Platinum Equity Said to Be Among Suitors for GM’s Hummer Unit

Feb. 13 (Bloomberg) -- Platinum Equity LLC, a U.S. private- equity firm that purchases distressed assets, is among the potential buyers for General Motors Corp.’s Hummer sport-utility vehicle unit, people familiar with the matter said.
Platinum, run by Flint, Michigan, native Tom Gores, is vying with a Chinese company, said the people, who declined to be identified or to name that suitor because the talks are private. The Beverly Hills, California-based buyout firm said in September it raised $2.75 billion for a new fund.
Acquiring Hummer would add a consumer brand to Platinum’s portfolio, which includes businesses such as a freight-payments processor and a maker of turf-care supplies. Platinum also has a pending deal for Michigan assets of bankrupt auto-parts supplier Delphi Corp.
“You’re really buying a nameplate,” Jim Hall, principal of 2953 Analytics in Birmingham, Michigan, said of Hummer. “For a private-equity company, you could contract out to have it built. The Russians love them. That’s a big market.”
GM is working to unload Hummer as a step toward the goal of showing its future viability to the U.S. Treasury by Feb. 17. If the biggest U.S. automaker can’t prove its ability to return to profit, it could be told to give up the loans or use the cash for a government-funded bankruptcy.
‘Decision Soon’
“GM continues to assess all its options and hopes to make a decision soon,” said spokeswoman Renee Rashid-Merem, who wouldn’t comment on any bidders. Platinum spokesman Dan Whelan had no comment.
Gores, Platinum’s chief executive officer, was ranked 163rd on Forbes magazine’s list of the wealthiest Americans in 2008. His 14-year-old firm is awaiting completion of an agreement to buy Delphi’s steering and halfshaft business in Saginaw, Michigan. U.S. Bankruptcy Judge Robert Drain in New York approved the deal in February 2008, valued by Delphi at $447 million.
Hummer might command a price of $100 million or less, said Dennis Virag, president of Automotive Consulting Group in Ann Arbor, Michigan.
“Given the volume of the brand and the economic situation, I don’t really see a tremendous value,” Virag said in an interview.

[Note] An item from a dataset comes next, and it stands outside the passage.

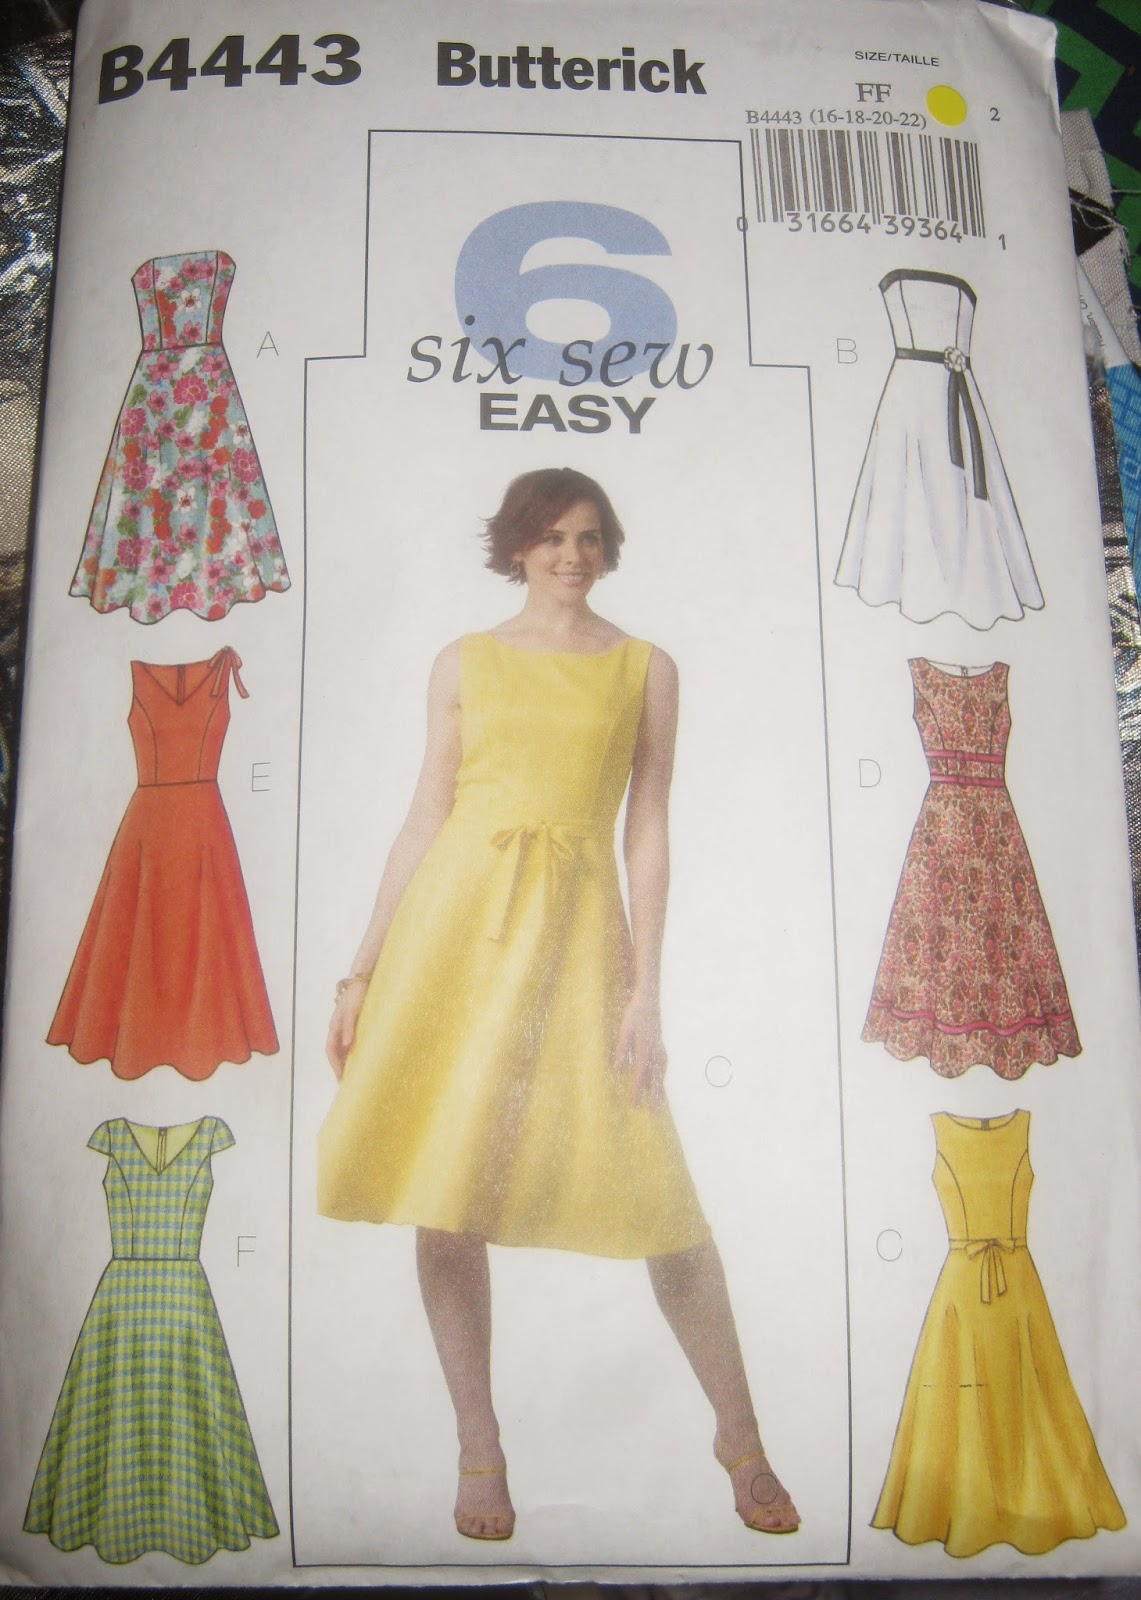 Butterick 4443 Princess Seam Dress Pattern www.sewplus.blogspot.com

GM fell 9 cents to $2.65 yesterday in New York Stock Exchange composite trading. The shares of the Detroit-based automaker tumbled 90 percent in the 12 months before today.

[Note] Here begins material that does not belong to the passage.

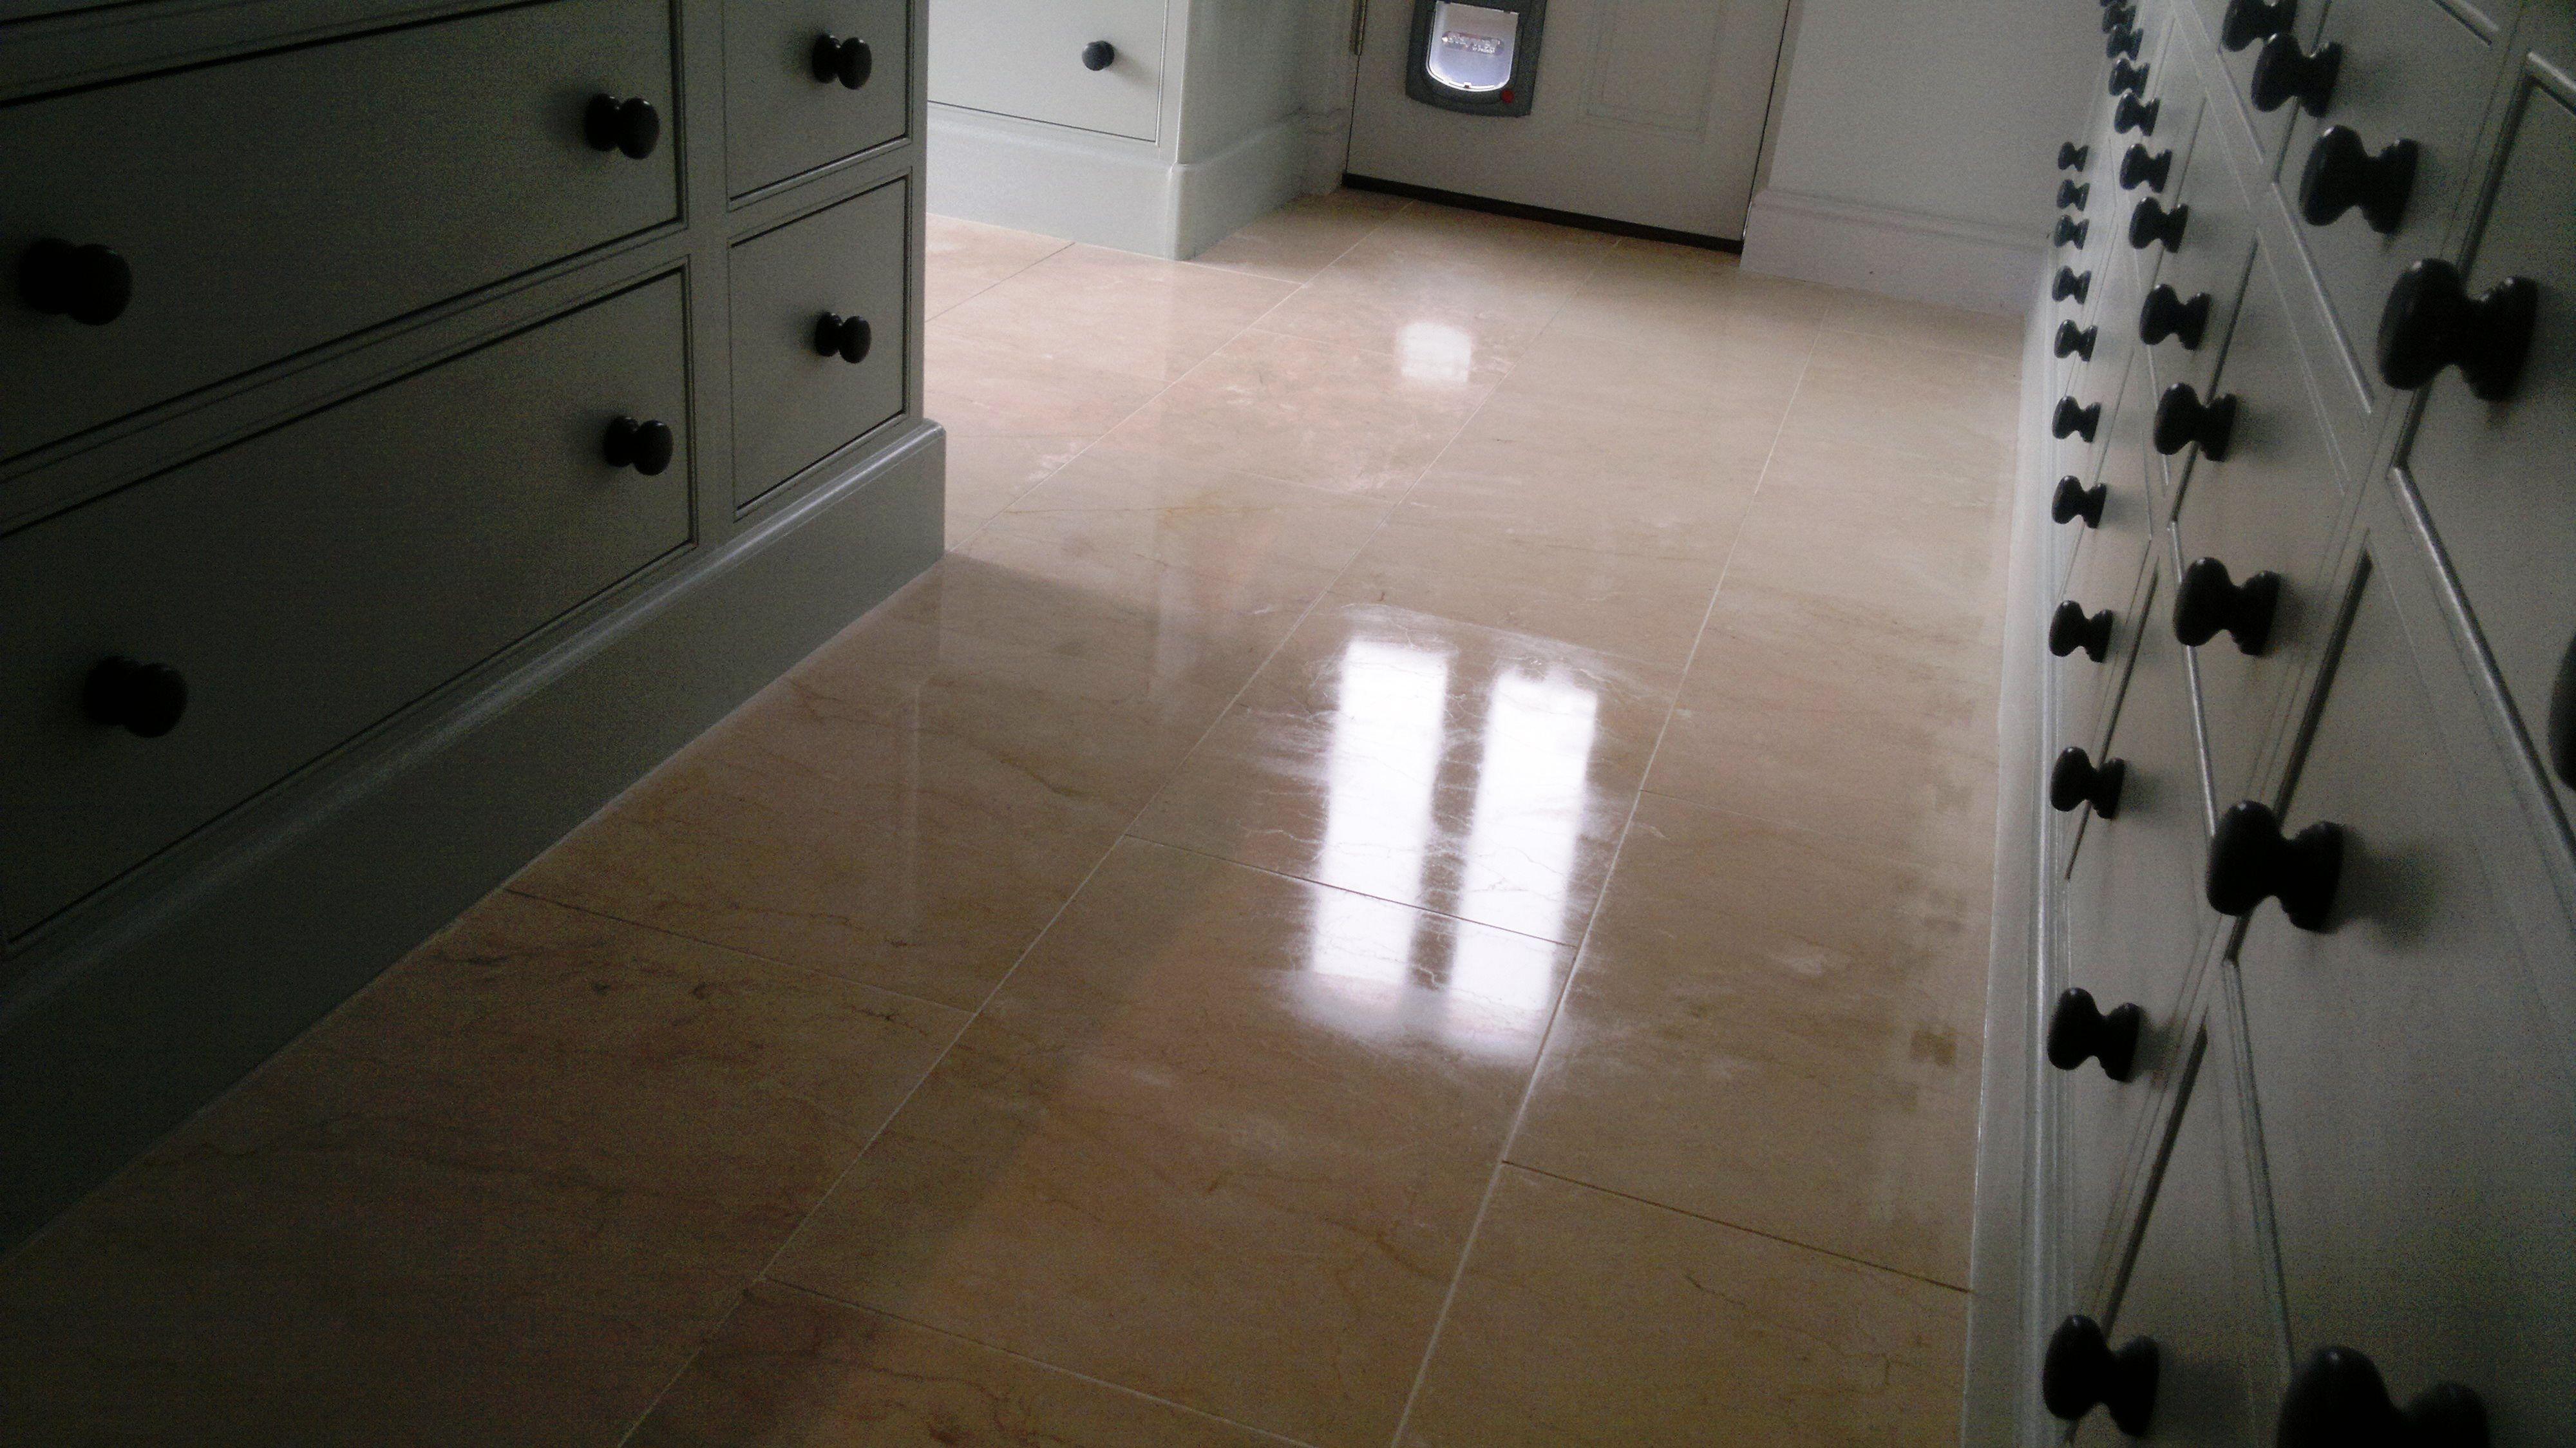 Porcelain floor tile grout sealer httpnextsoft21 porcelain floor tile grout sealer dailygadgetfo Images

GM’s 8.375 percent bonds due in July 2033 rose 1.75 cents to 14.75 cents on the dollar, according to Trace, the bond-pricing service of the Financial Industry Regulatory Authority. The yield was 56.5 percent.
Seeking Savings
Besides selling assets, GM is in talks to win cost savings from the United Auto Workers and get bondholders to whittle $27.5 billion in debt to $9.2 billion in exchange for equity as part of its survival plan.

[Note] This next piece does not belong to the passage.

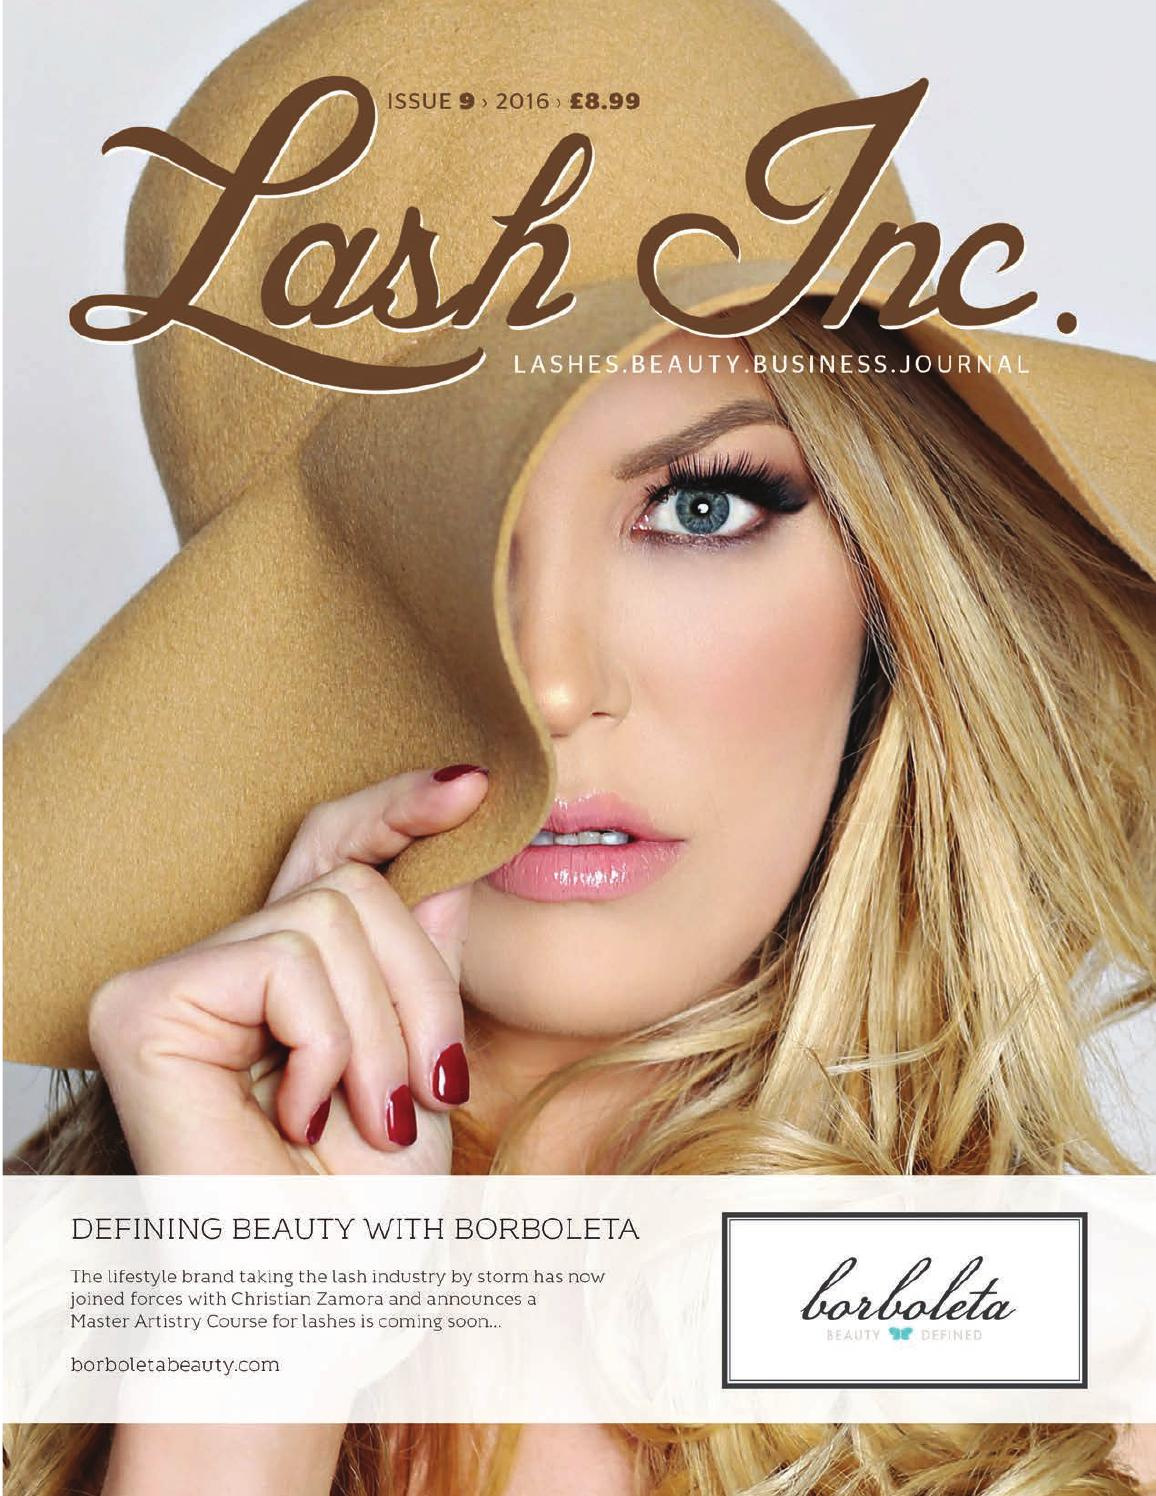 e74cc88f5bd Lash Inc Issue 9 by Chrysalis House Publishing - issuu

GM has put a French factory, the ACDelco parts unit and the Saab brand up for sale and hired Bank of America Corp. and Citigroup Inc. to help with the disposals. GM is asking Sweden to guarantee $600 million in European Investment Bank loans to keep Saab operating, a person familiar with the matter said. The future of GM’s Saturn unit also is under review.
CEO Rick Wagoner said GM was considering options for Hummer, including a sale, at the June 3 annual meeting as record fuel prices prompted the automaker to shift its focus to more fuel- efficient cars away from light trucks.
Hummer’s U.S. deliveries peaked at 71,524 in 2006, according to Autodata Corp. U.S. sales of the SUVs fell 51 percent in 2008.
The least-expensive Hummer is the H3, which starts at $31,000 and, at 4,700 pounds (2,131 kilograms), is less than half the size of GM’s original 5-ton H1. That model, since dropped, was based on the all-terrain military vehicle popularized by actor Arnold Schwarzenegger, now California’s governor.